The above exception does not happen consistently but only sometimes and we haven't yet figured out how to reproduce it locally, although we can consistently trigger it in a production environment by enabling new code that uses hgetall (in a different codepath) using the same Redis client object as the above code.

We use redis-rb in a single-threaded Ruby on Rails (4.1.8) web application, running on the Unicorn application server (4.8.2). Our redis-rb version is 26a4309 and we use hiredis 0.6.0. We use MRI Ruby 2.1.5. We use the default timeout values for the redis-rb client configuration.

Our current assumption is that the pipelining code might somehow be leaking state across requests (maybe there could be a Future for hgetall in the pipeline that the client is trying to parse when reading the result of the above incrby+expire).

Any tips on how to debug this would be greatly appreciated.

Thanks!

Ping @djanowski @badboy since you guys worked on the PR that fixed the issue which we thought was the cause of this (#502)

cc @camilo @jasonhl @byroot @csfrancis @tjoyal

The text was updated successfully, but these errors were encountered:

fw42 · 2015-02-11T16:26:48Z

FWIW a similar issue occurs when using multi instead of pipeline.

fw42 · 2015-02-11T16:44:31Z

The Redis server version is 2.8.17 by the way.

Redis server v=2.8.17 sha=00000000:0 malloc=jemalloc-3.6.0 bits=64 build=194f28f25c0b44fb

djanowski · 2015-02-11T17:48:27Z

Thanks for the detailed report.
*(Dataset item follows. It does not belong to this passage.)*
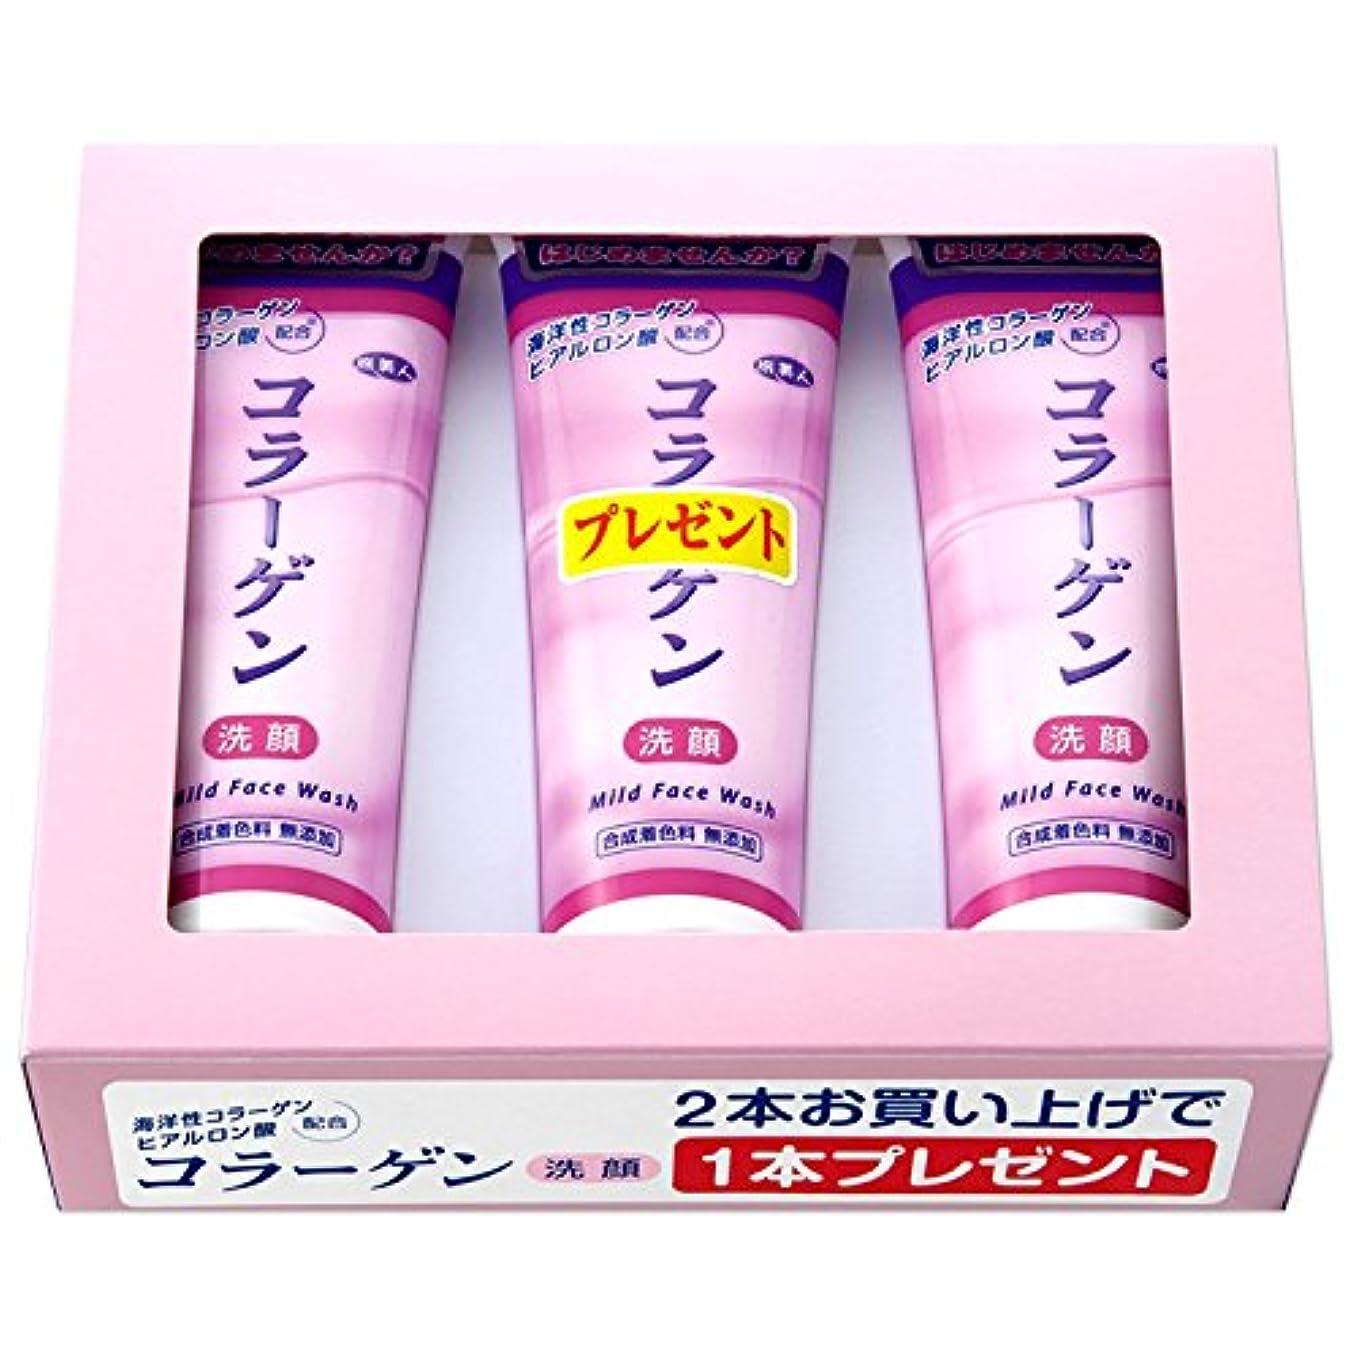 降伏反乱撤回するアズマ商事の コラーゲン洗顔クリーム お得な 2本の値段で3本入りセット
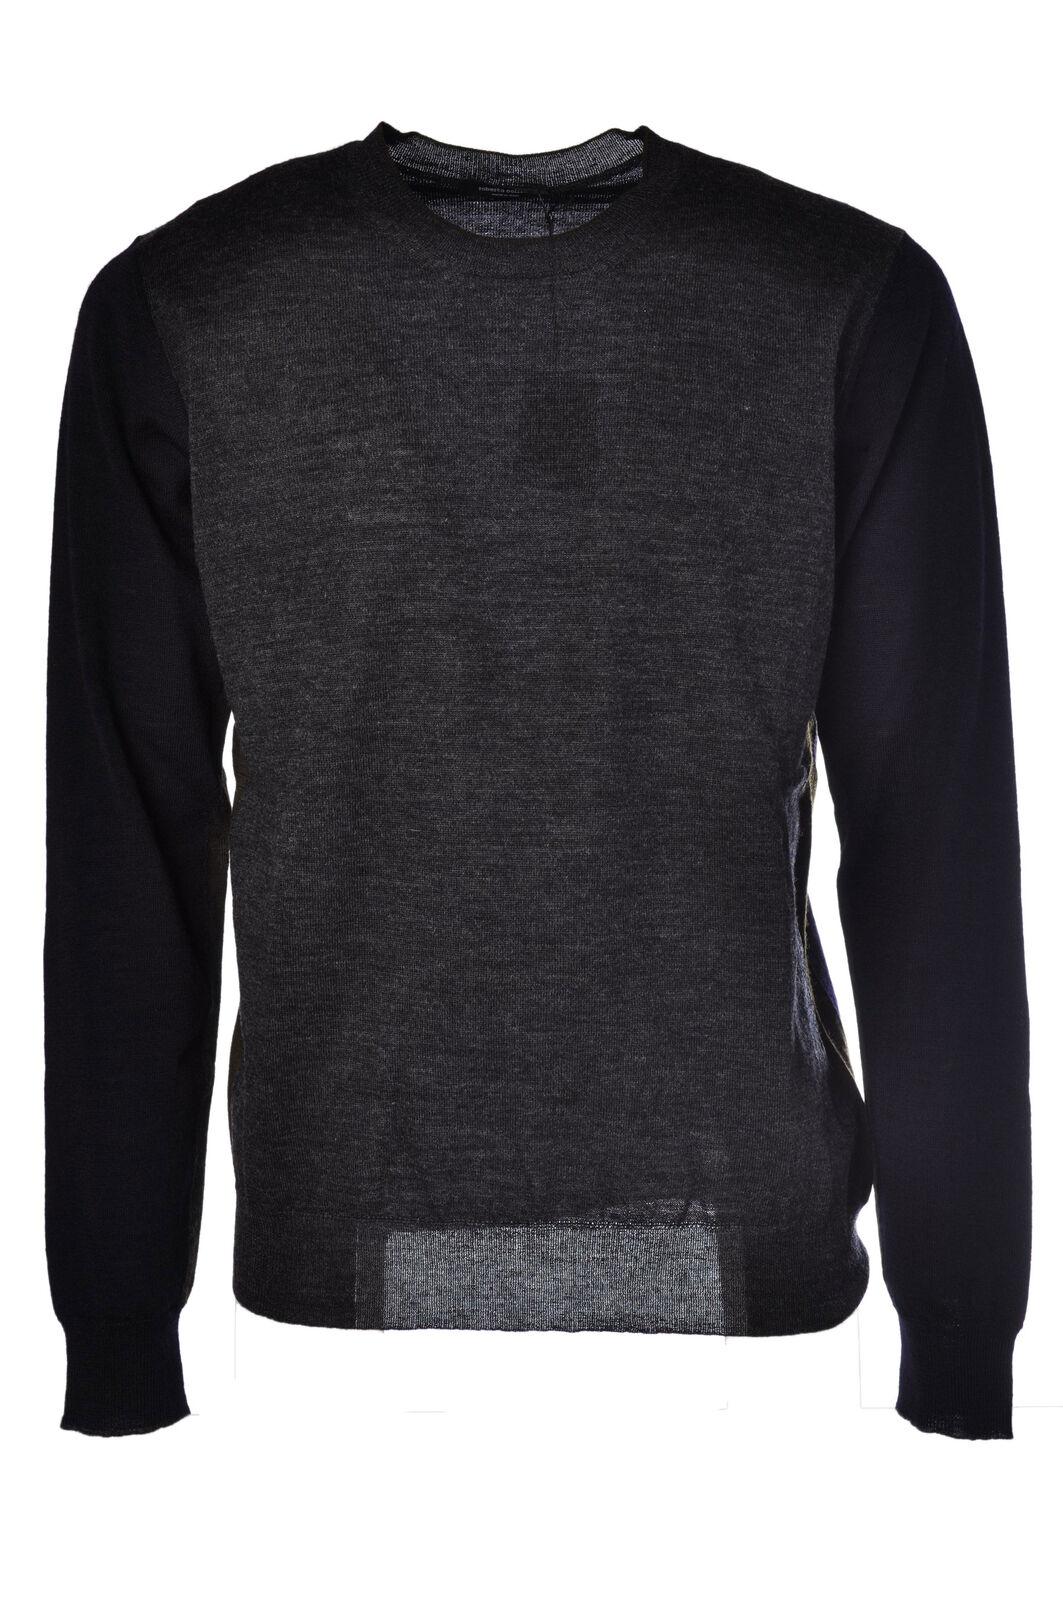 Roberto Collina - Knitwear-Sweaters - Man - Grau - 473811M184405

Will look into it.

djanowski · 2015-02-11T18:33:10Z

@fw42 Both @badboy and I spent some time trying to reproduce the issue, without luck. A couple of questions:

Is the production environment Linux? (If so, is your development environment, where you couldn't reproduce, non-Linux?)
By high load do you mean Redis itself is under high load, or the web server handling requests? Both?

fw42 · 2015-02-11T18:55:24Z

Yes, Linux (both locally and production), kernel 3.8.x.

Sorry, I guess the "high load" was a bit vague. I can't really quantify that too much, but if you think it helps I can try to get some metrics (if you tell me what exactly you are looking for). Most of our graphs on the server-side look normal though. Redis itself is not under particularly high load at the time. Our application does about 315.000 http requests per minute and about 5000-7000 requests per minute to the Redis server in question, but that's a "normal" level for us.

The reason why I said "under load" is just that we start seeing problems as soon as we enable a certain new codepath that triggers a higher amount of requests to Redis than before (about 1000 requests/minute more). Sorry for the confusion.

And thanks for looking into this!

fw42 · 2015-02-12T15:13:32Z

We just tried switching from the hiredis connection driver to the Ruby driver. Same problem.

fw42 · 2015-02-12T16:04:13Z

I just added additional logging to the Redis::Pipeline#finish method that logs the content of the futures and replies arrays in the case of an exception. As we suspected, at the time this exception is raised and bubbles up, futures contains three elements (incrby, expire, and the mysterious hgetall, in that order), but the replies array contains only two values ([1,1]). The hgetall that we see in that pipeline is the one that's coming from the new code that we are adding.

badboy · 2015-02-12T16:05:58Z

Thanks for investigating further. I'm gonna read the code once more, maybe I can find the problem (or even reproducing it).

One question: is the hgetall executed as a single command or also in some form of pipeline or transaction?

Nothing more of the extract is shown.